All notices and other communications hereunder shall be in writing and shall be deemed to have been duly given if mailed or transmitted by any standard form of telecommunication. Notices to the Underwriters shall be directed to the Representatives, c/o BofA Securities, Inc., 1540 Broadway, NY8-540-26-01, New York, NY 10036, attention of “High Grade Transaction Management/Legal,” Facsimile: (646) 855-5958, dg.hg_ua_notices@bofa.com, with a copy to Ryan P. Brizek, Simpson Thacher & Bartlett LLP, 900 G Street, NW, Washington, D.C. 20001; and notices to the Fund or the Adviser shall be directed, as appropriate, to the office of the Adviser, One Corporate Center, Rye, New York 10580-1422, attention of Peter Goldstein, with a copy to Thomas A. DeCapo, Skadden, Arps, Slate, Meagher & Flom LLP, 500 Boylston Street, Boston, Massachusetts 02116.

 

27


Section 12. No Advisory or Fiduciary Relationship.

The Fund and the Adviser each acknowledge and agree that (a) the purchase and sale of the Shares pursuant to this Agreement, including the determination of the public offering price of the Shares and any related discounts and commissions, is an arm’s-length commercial transaction between the Fund, on the one hand, and the several Underwriters, on the other hand, (b) in connection with the offering contemplated hereby and the process leading to such transaction each Underwriter is and has been acting solely as a principal and is not the agent or fiduciary of the Fund or the Adviser, or any of their respective shareholders, creditors or employees or any other party, (c) no Underwriter has assumed or will assume an advisory or fiduciary responsibility in favor of the Fund or the Adviser with respect to the offering contemplated hereby or the process leading thereto (irrespective of whether such Underwriter has advised or is currently advising the Fund or the Adviser on other matters) and no Underwriter has any obligation to the Fund or the Adviser with respect to the offering contemplated hereby except the obligations expressly set forth in this Agreement, (d) the Underwriters and their respective affiliates may be engaged in a broad range of transactions that involve interests that differ from those of the Fund or the Adviser, and (e) the Underwriters have not provided legal, accounting, regulatory or tax advice with respect to the offering contemplated hereby and the Fund and the Adviser each has consulted its own respective legal, accounting, regulatory and tax advisors to the extent it deemed appropriate.

Section 13. Parties.

This Agreement shall each inure to the benefit of and be binding upon the Underwriters, the Fund, the Adviser and their respective partners and successors. Nothing expressed or mentioned in this Agreement is intended or shall be construed to give any person, firm or corporation, other than the Underwriters, the Fund, the Adviser and their respective successors and the controlling persons and officers and directors or trustees referred to in Sections 6 and 7 and their heirs and legal representatives, any legal or equitable right, remedy or claim under or in respect of this Agreement or any provision herein contained. This Agreement and all conditions and provisions hereof are intended to be for the sole and exclusive benefit of the Underwriters, the Fund, the Adviser and their respective partners and successors, and said controlling persons and officers, directors or trustees, and their heirs and legal representatives, and for the benefit of no other person, firm or corporation. No purchaser of Shares from any Underwriter shall be deemed to be a successor by reason merely of such purchase.
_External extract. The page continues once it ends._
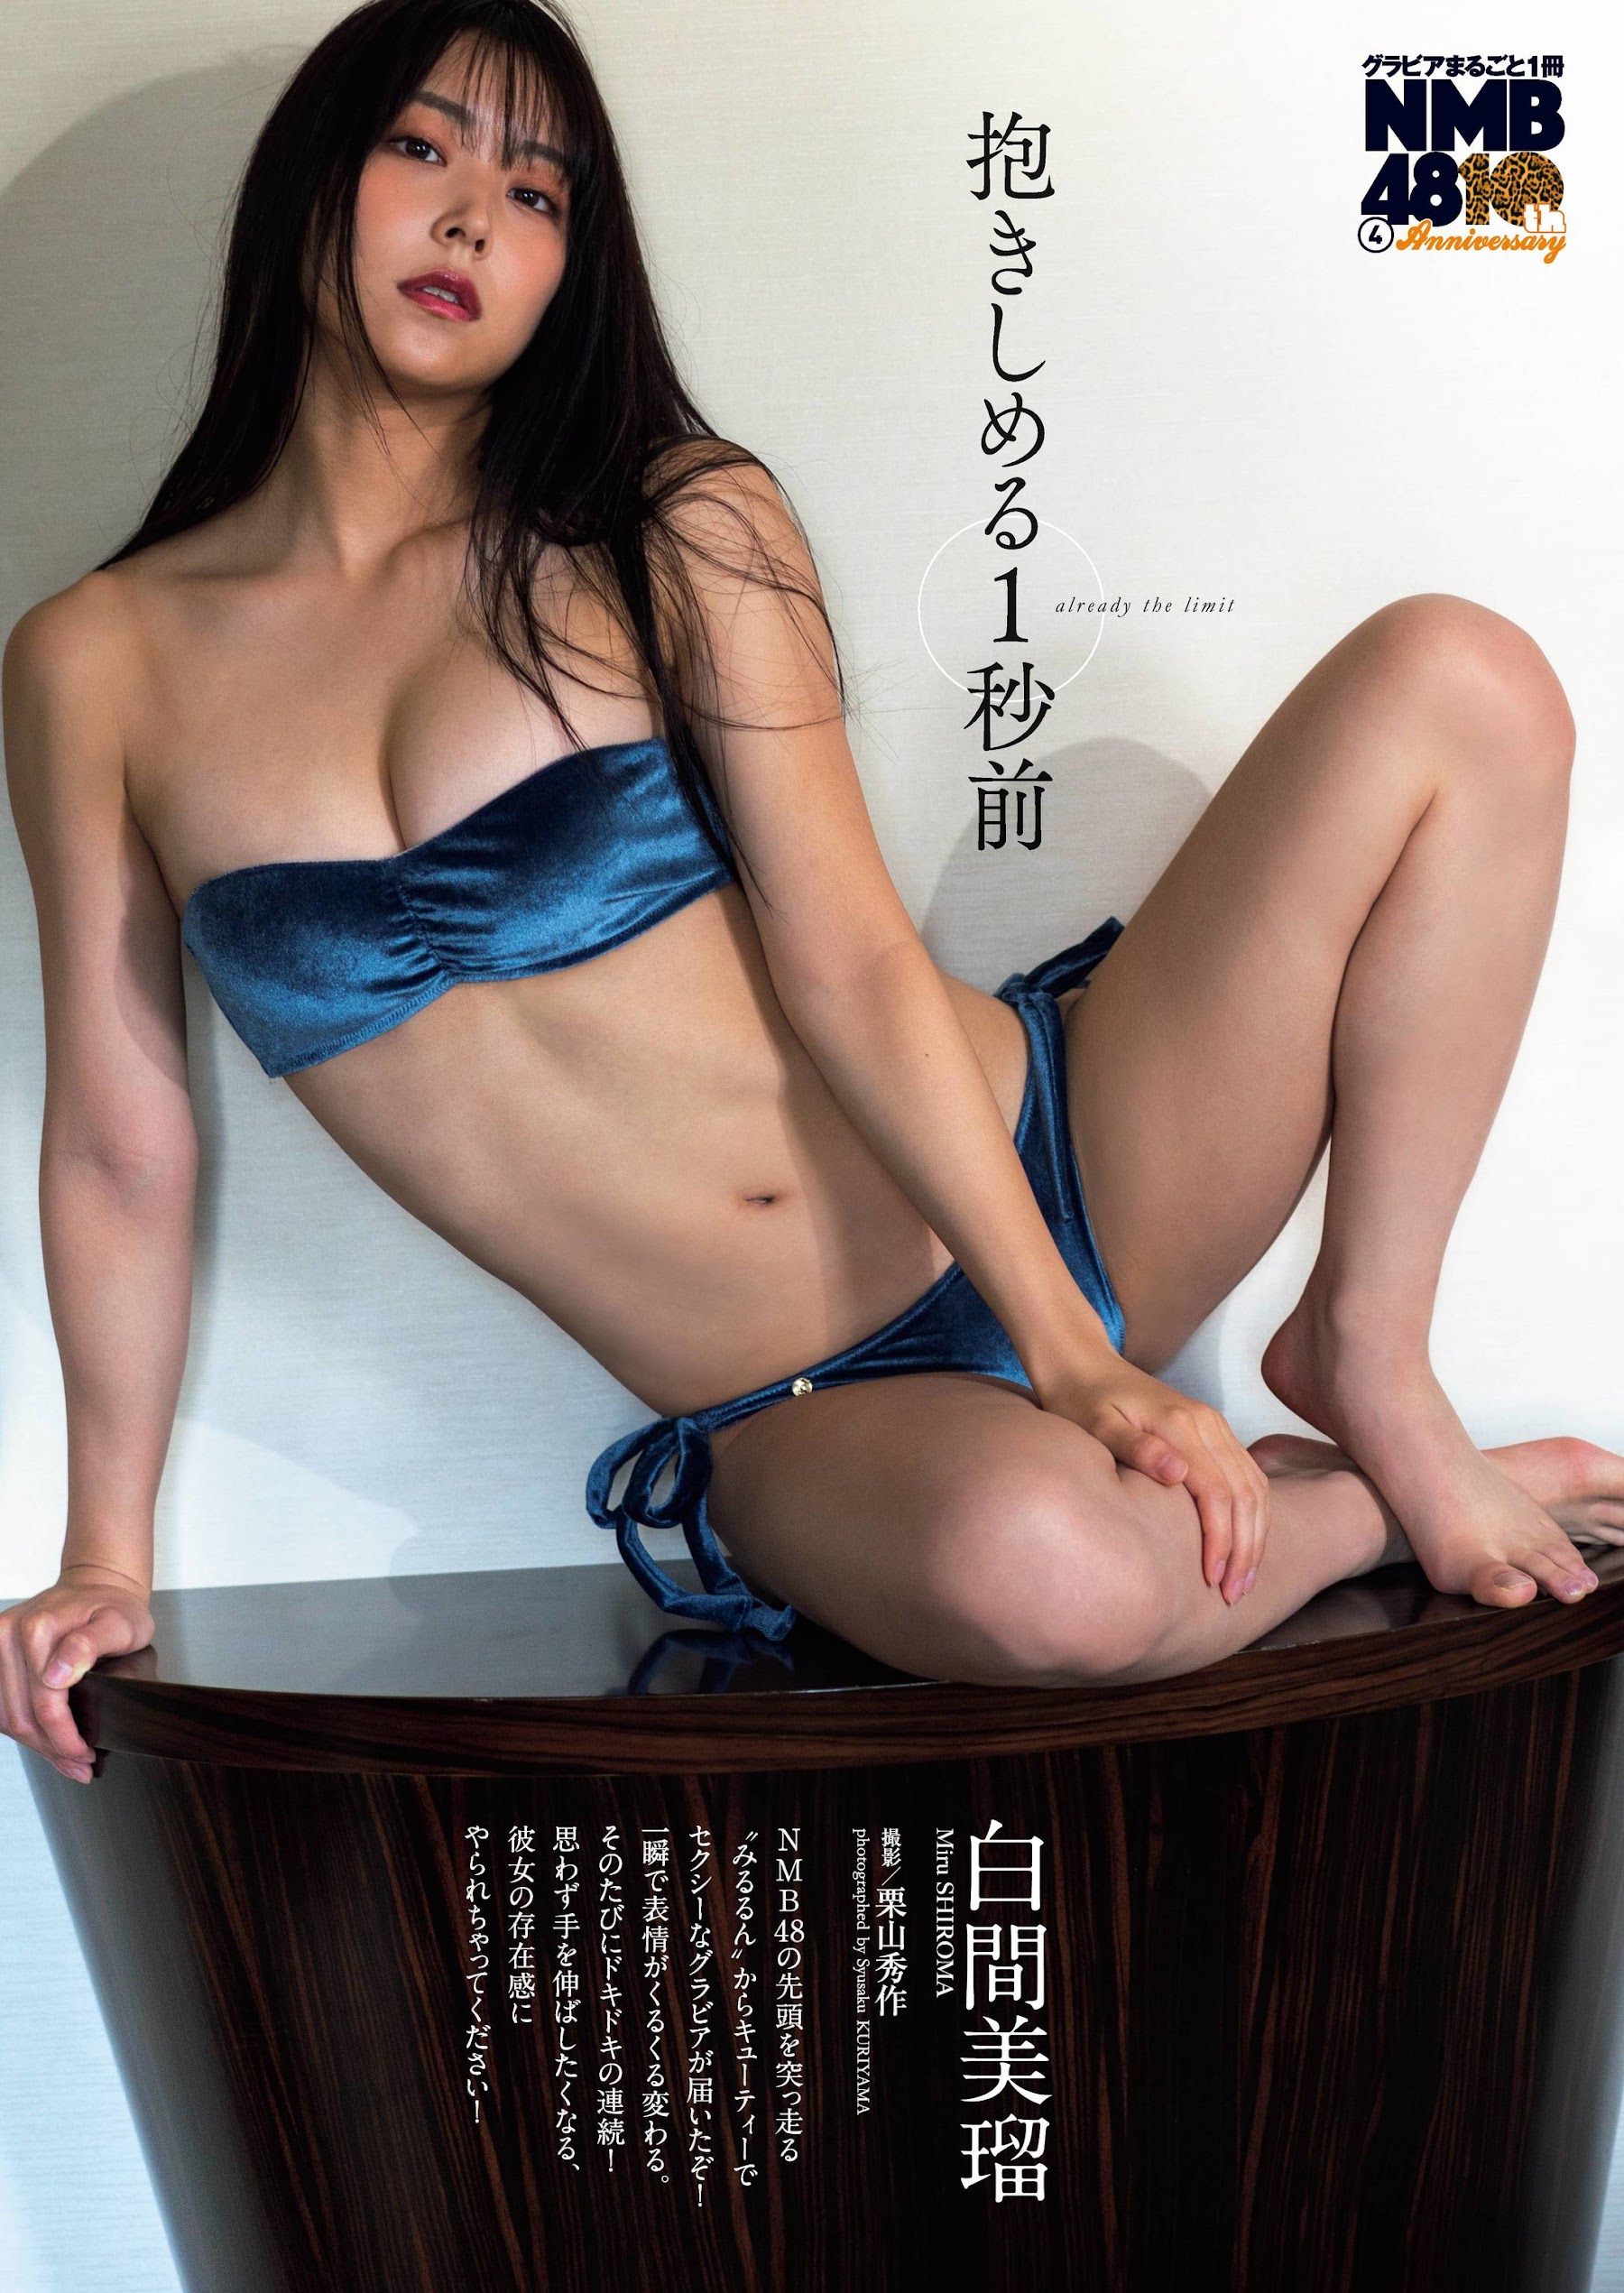 Weekly Playboy 2020.12.07 No.49 NMB48 白間美瑠 抱きしめる１秒前

Section 14. Tax Disclosure.

Notwithstanding any other provision of this Agreement, immediately upon commencement of discussions with respect to the transactions contemplated hereby, the Fund and the Adviser (and each employee, representative or other agent of the Fund) may disclose to any and all persons, without limitation of any kind, the tax treatment and tax structure of the transactions contemplated by this Agreement and all materials of any kind (including opinions or other tax analyses) that are provided to the Fund relating to such tax treatment and tax structure.

 

28


For purposes of the foregoing, the term “tax treatment” is the purported or claimed federal income tax treatment of the transactions contemplated hereby, and the term “tax structure” includes any fact that may be relevant to understanding the purported or claimed federal income tax treatment of the transactions contemplated hereby.

Section 15. Integration.

This Agreement supersedes all prior agreements and understandings (whether written or oral) among the Fund, the Adviser and the Underwriters, or any of them, with respect to the subject matter hereof.

Section 16. Governing Law.

THIS AGREEMENT SHALL BE GOVERNED BY AND CONSTRUED IN ACCORDANCE WITH THE LAWS OF THE STATE OF NEW YORK APPLICABLE TO AGREEMENTS MADE AND TO BE PERFORMED IN SAID STATE.

Section 17. Time.

TIME SHALL BE OF THE ESSENCE OF THIS AGREEMENT. UNLESS OTHERWISE EXPLICITLY PROVIDED, SPECIFIED TIMES OF DAY REFER TO NEW YORK CITY TIME.

Section 18. Submission to Jurisdiction/Jury Trial Waiver.

Except as set forth below, no suits, actions, claims, counterclaims or proceedings (each, a “Proceeding”) which relates to the terms of this Agreement or the transactions contemplated hereby (each, a “Claim”) may be commenced, prosecuted or continued in any court other than the United States District Court for the Southern District of New York, or in the event that court lacks jurisdiction to hear such Claims, in the courts of the State of New York located in the City and County of New York, which courts shall have exclusive jurisdiction over the adjudication of such claims. Each of the Fund, the Adviser and the Underwriters hereby submits to and accepts generally and unconditionally the exclusive jurisdiction of those for the purposes of the adjudication of such Claims and irrevocably waives, to the fullest extent permitted by law, any objection which it may now or hereafter have to the laying of the venue of any such Proceeding brought in such court and any claim that any such Proceeding brought in such court has been brought in an inconvenient forum. Each of the Underwriters, the Fund (on its behalf and, to the extent permitted by applicable law, on behalf of its shareholders and affiliates) and the Adviser (on its behalf and, to the extent permitted by applicable law, on behalf of its shareholders and affiliates) hereby waives all right to trial by jury in any action, proceeding or counterclaim (whether based upon contract, tort or otherwise) in any way arising out of or relating to this Agreement. Each of the Fund, the Adviser and the Underwriters agrees that a final judgment in any such action, proceeding or counterclaim brought in any such court shall be conclusive and binding upon the Fund, the Adviser or the Underwriters, as the case may be, and may be enforced in any other courts in the jurisdiction of which the Fund, the Adviser or the Underwriters, as the case may be, is or may be subject, by suit upon such judgment.

 

29


Section 19. Recognition of the U.S. Special Resolution Regimes.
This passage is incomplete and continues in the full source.